Retiring my service dog was an eventuality nobody talked to me about — realistically, because nobody really talked to me about living with a service dog, either. Liberty and I always figured it out as we went along. And just like our life working together, we’re figuring out her transition to retirement, as well.
For the last ten years, Liberty has been my everything. My guardian and protector, my best friend. We’ve spent the decade navigating and expanding my world together, pushing the boundaries of my independence as far as they can go. As age slows my golden girl down, I’ve been forced to gradually relearn daily life without her by my side.
My childhood was notably marked by early onset depression and anxiety. I avoided school even though I loved to learn and regularly cut my arms and legs with pencil sharpener blades. I was prescribed various medications, given multiple diagnoses and attempted every kind of therapy available in our rural area. I experienced my first emergency psychiatric hold by the time I was 11.

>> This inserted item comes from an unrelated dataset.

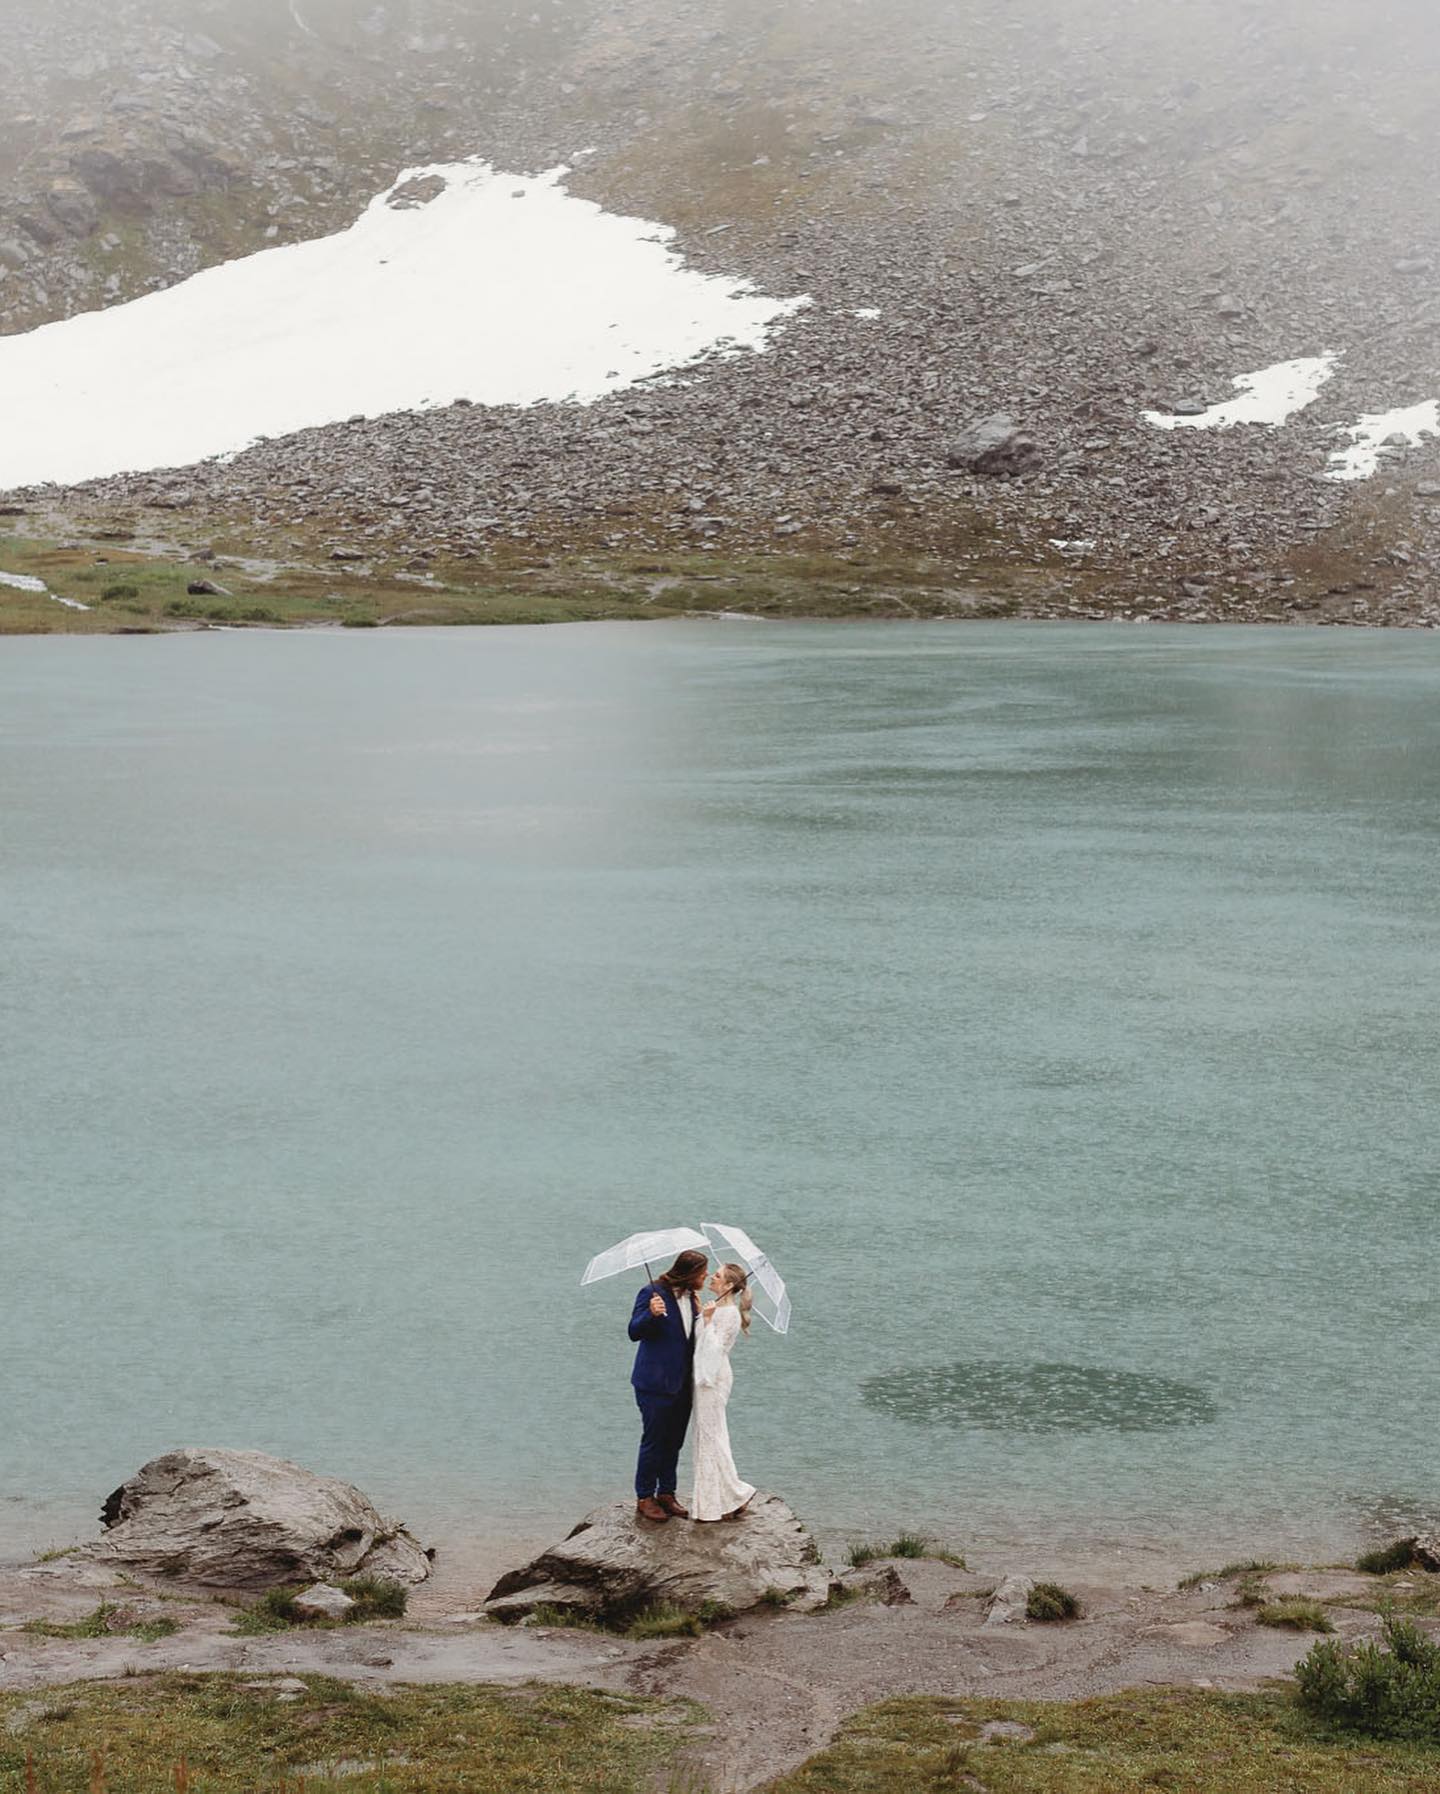 a couple standing by a lake holding umbrellas in their wedding attire while its raining

In my early teenage years, I spiraled into severe posttraumatic stress disorder after being sexually assaulted. While I had already been struggling to manage my existing mental illness, I truly had no frame of reference for coping with rape.
I couldn’t leave the house. At just 14 years old, I withdrew entirely from the world and gave up on things like showering and brushing my hair or teeth. A shadow of what a teenage girl should be — vibrant, thriving and full of potential — I was suicidal, empty and broken.
My mother, my biggest advocate, spent countless hours researching how to help me. In early 2009, psychiatric service dogs were still relatively rare and typically reserved for veterans. It took months to convince a doctor to write a prescription. They required her to submit documentation that a service animal might help my condition; documentation that scarcely existed at the time.
After receiving the prescription, finding an organization that would work with my needs proved difficult and expensive. My condition continued to deteriorate as we searched, leading to longer and longer stays in treatment centers. Psychiatric service dogs for civilians remained a novelty and it was well over a year before I was matched with Liberty.
Eventually, a small training facility called my mother back. They had a dog who was too small for physical work like bracing a handler during a seizure, but smart and eager to please. At a year old, she had completed all of her basic training and was prepared to learn more specialized tasks, like grounding me during dissociative panic attacks. On February 14th, 2010, I got to take her home.
In the years since, Liberty and I learned everything about each other. When my paranoia and anxiety was most acute, I relied on her consistent presence to feel safe while I underwent intensive therapy. She interrupted self-harming rituals, woke me from night terrors and calmed me during panic attacks. I kept a spot for her next to me everywhere I went, religiously fed her bananas (her favorite treat) and doted upon her.
When I was healthy enough to go back to school and eventually start working, Liberty helped facilitate my interactions with a world I was terrified of. She became the extra set of eyes I felt I needed to have watching out for me at all times. My service dog accompanied me to every class I needed to graduate highschool and earn my Associate’s and Bachelor’s degrees. She walked across the stage with me for two graduations.
Liberty gave me a reason to get up in the morning and something to care for as I learned to care for myself. She served as both a shield from things I feared and a guide to explore them. For 10 years, people have recognized me as “the girl with the dog” and I’ve identified myself that way. Her presence allowed me to explore the world safely and empowered me to live independently.
I’ve been grateful to take care of Liberty with the same love she took care of me. To look out for her best interest. I knew she was predisposed to hip dysplasia; golden retrievers often are. In the last year, my 11-year-old companion, who has been with me every step of my adult life, slowed down considerably. Her feet started to drag when we walk around the block, she could no longer spend a whole day working with me.
Looking out for her, as painful as it was to decide, meant reducing the number of daily outings she worked and venturing into the world alone.
It started with an hour or two, then a full afternoon without her. There aren’t words to explain how naked I felt in the beginning. Vulnerable and exposed. Thankfully, years of medication and therapy had eased my PTSD symptoms considerably, but my anxiety crept high the first few times I left home without her leash in my hand.
The sky didn’t fall. In her absence, I learned I could navigate my daily life on my own – a gift my service dog gave me that I’ll never be able to repay.